In many situations it is important to detect and identify people and vehicles. In this study the purpose was to investigate subject’s performance to detect and estimate number of stationary people on the ground. The unmanned aerial vehicle used visual- and infrared sensor, wide and narrow field of view, and ground speed 8 m/s and 12 m/s. Participants watched synthetic video sequences captured from an unmanned aerial vehicle. The results from this study demonstrated that the ability to detect people was affected by type of sensor and field of view. It took significantly longer time to detect targets with the infrared sensor than with the visual sensor, and it took significantly longer time with wider field of view than with narrow field of view. The ability to assess number of targets was affected by type of sensor and speed, the infrared sensor causing more problems than the visual sensor. Also, performance decreased at higher speed.

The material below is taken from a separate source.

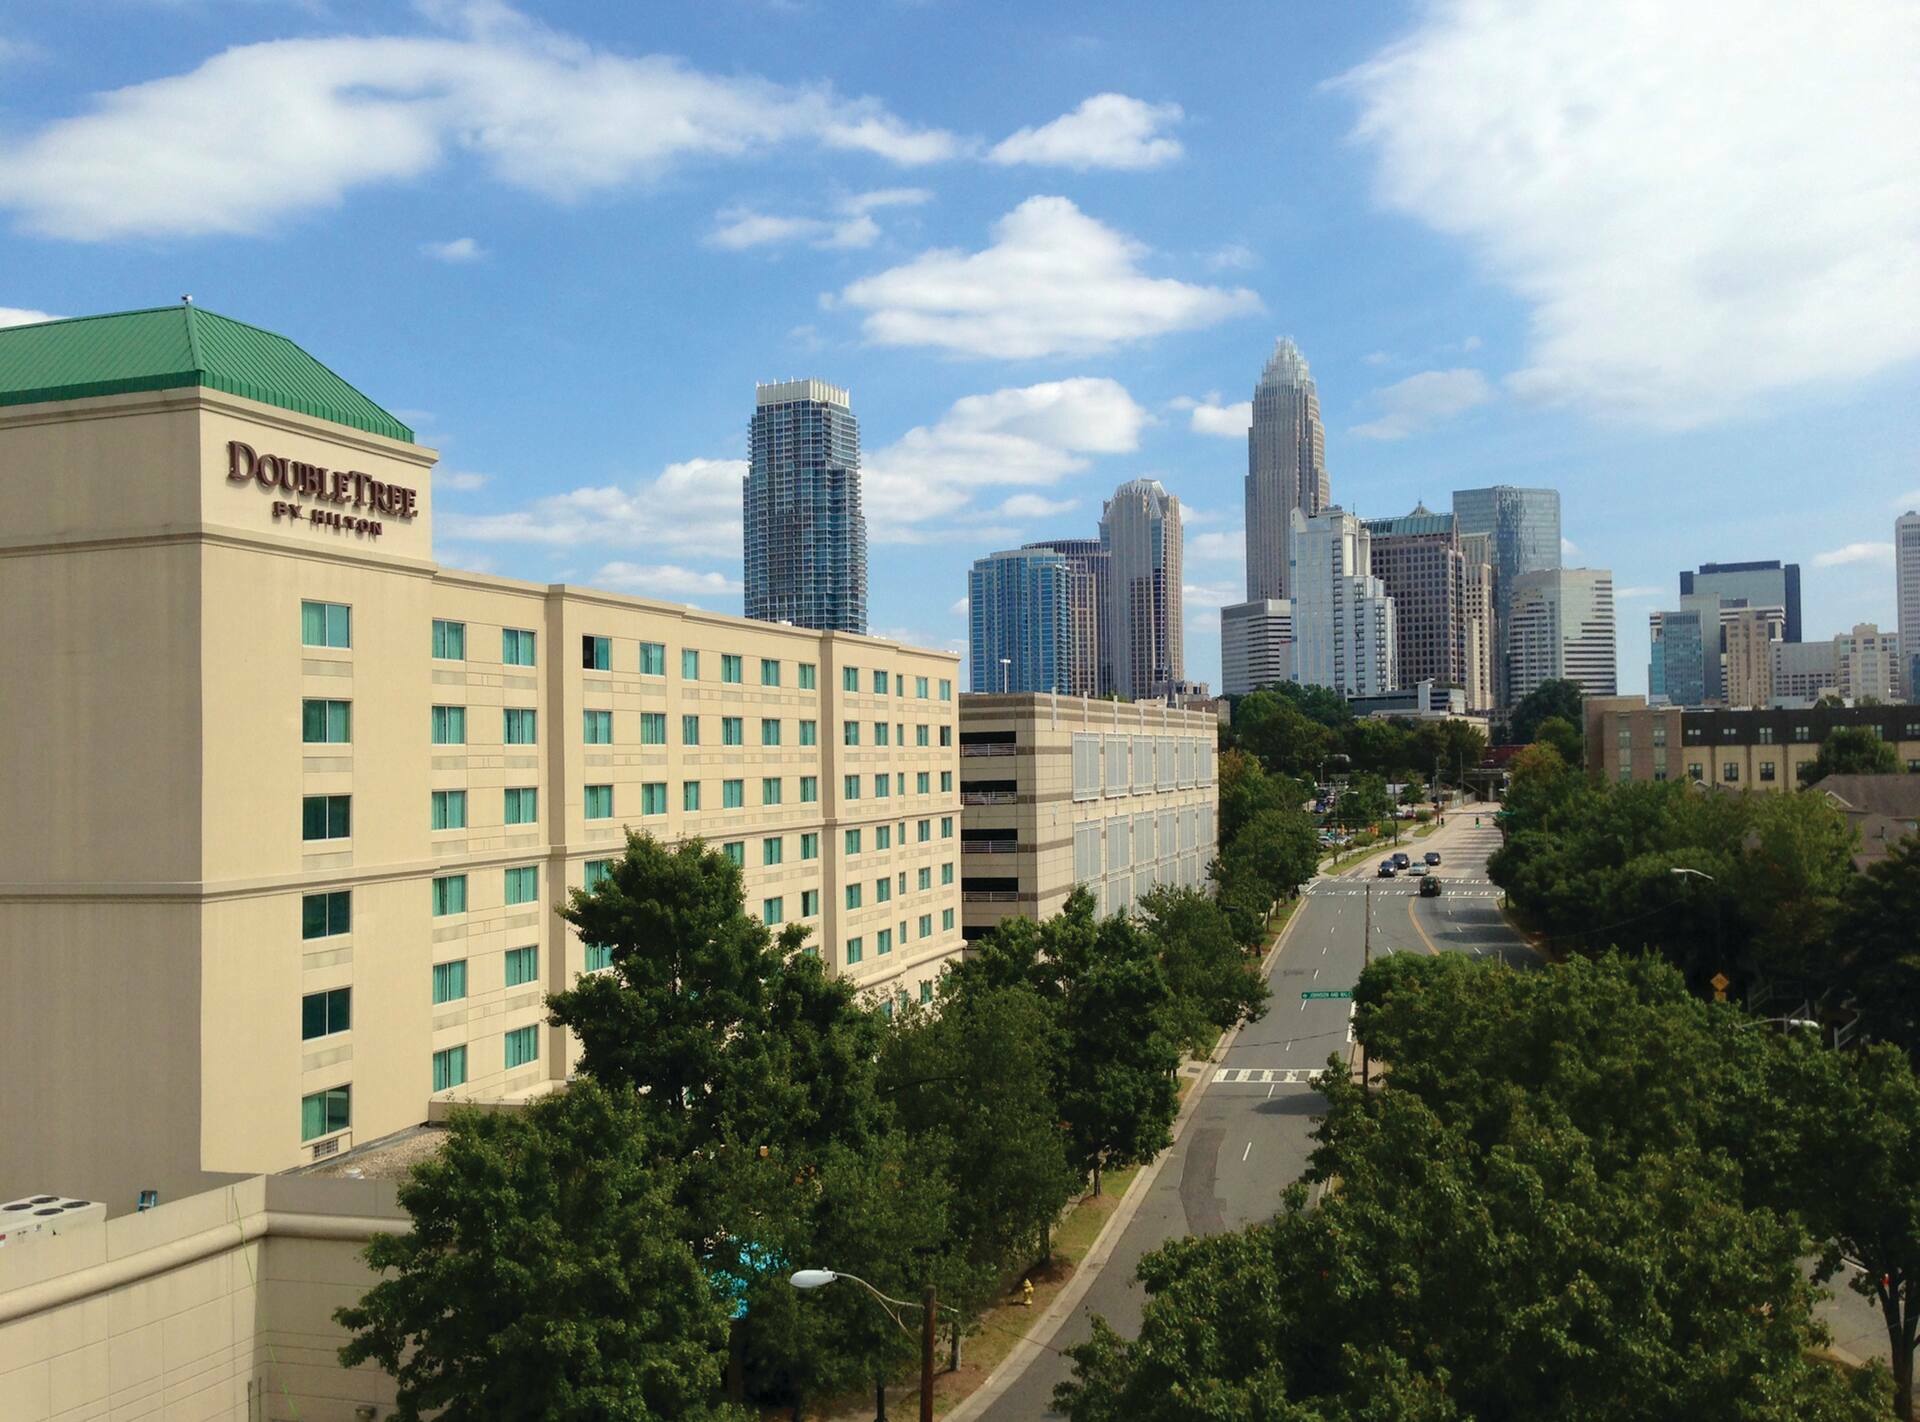 Photo of DoubleTree by Hilton Charlotte Uptown, Charlotte, NC
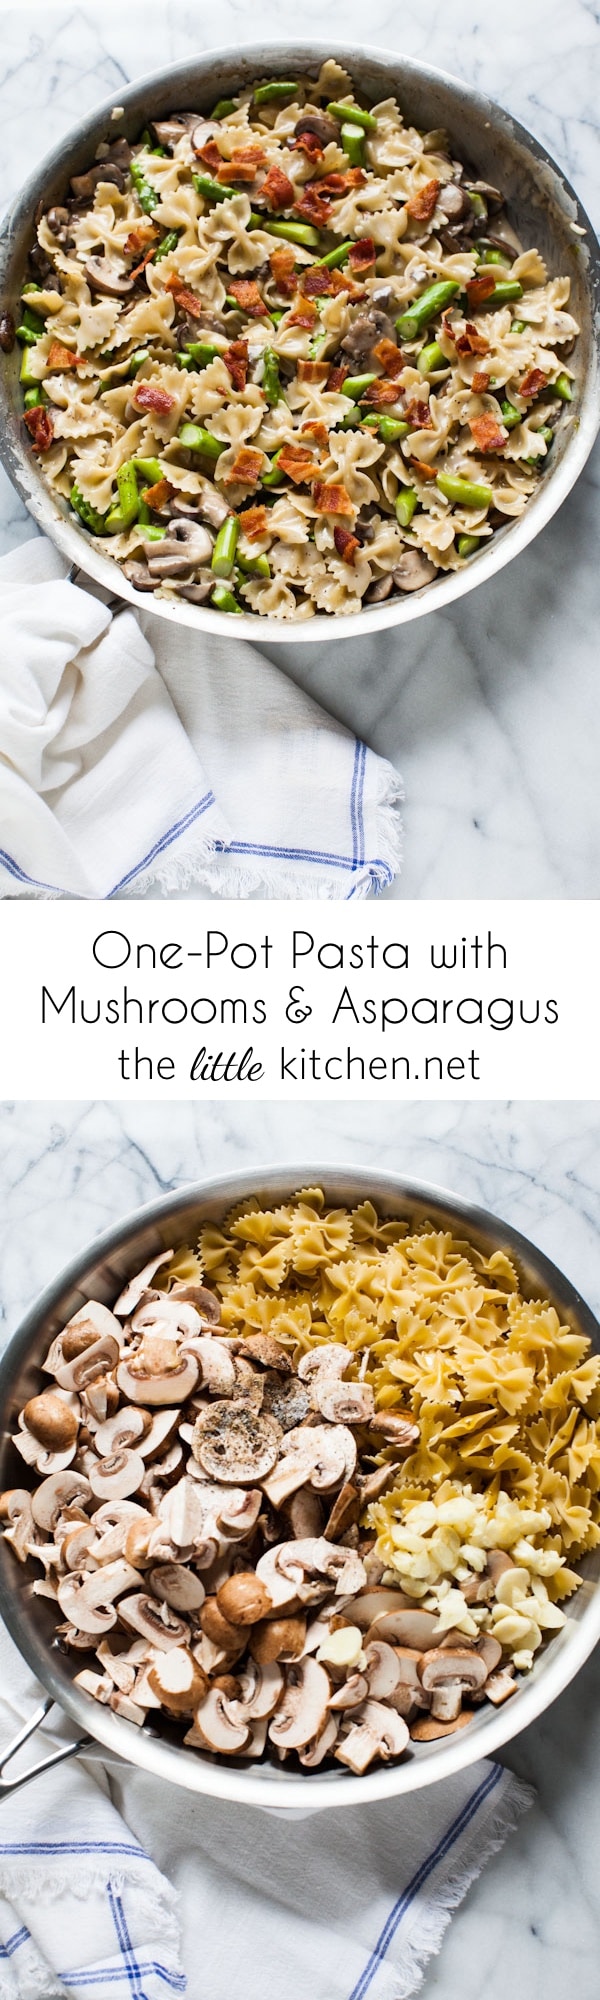 One-Pot Pasta with Mushroom Asparagus from thelittlekitchen.net

Target detection Visual sensor IR sensor UAV Human factors 

1 Introduction

The information explosion that comes from gathering information with new and better sensors is positive since users can access more information. At the same time it is a challenge to select the vital information in a specific situation. Data overload may be a serious problem, and it is necessary to have an understanding of the whole system. How to help human cognition using a medium (i.e. computer) is fundamental to ensure good user performance in the current situation. To build an effective system in a military setting a number of factors must be taken into account. From an ecological approach [1] and representation design [2] there is a cognitive triad between domain or environment, interface and users. There is a reciprocal coupling between the user and the environment which often is mediated by a user interface. The components of the triad are the cognitive demands from the domain or environment, user resources and limitations, and the interface. The interface effectiveness is determined by the mapping between the environment and interface (correspondence) and the mapping between the user and interface (coherence). To develop an effective and user friendly system all these three parts must be taken into account.

In many applications part of the information that reaches the user has been acquired with some type of sensor system, involving one or several sensors and signal processing, acting as a filter between the environment and the interface. In order to be able to understand the complete picture and study sensor-related aspects the model has to be extended.

In our research we aim for an understanding of the whole picture and therefore also sensor type are included since this is an important part of the system we work with (Fig. 1).
Fig. 1.

The relation between user, interface, environment and sensor.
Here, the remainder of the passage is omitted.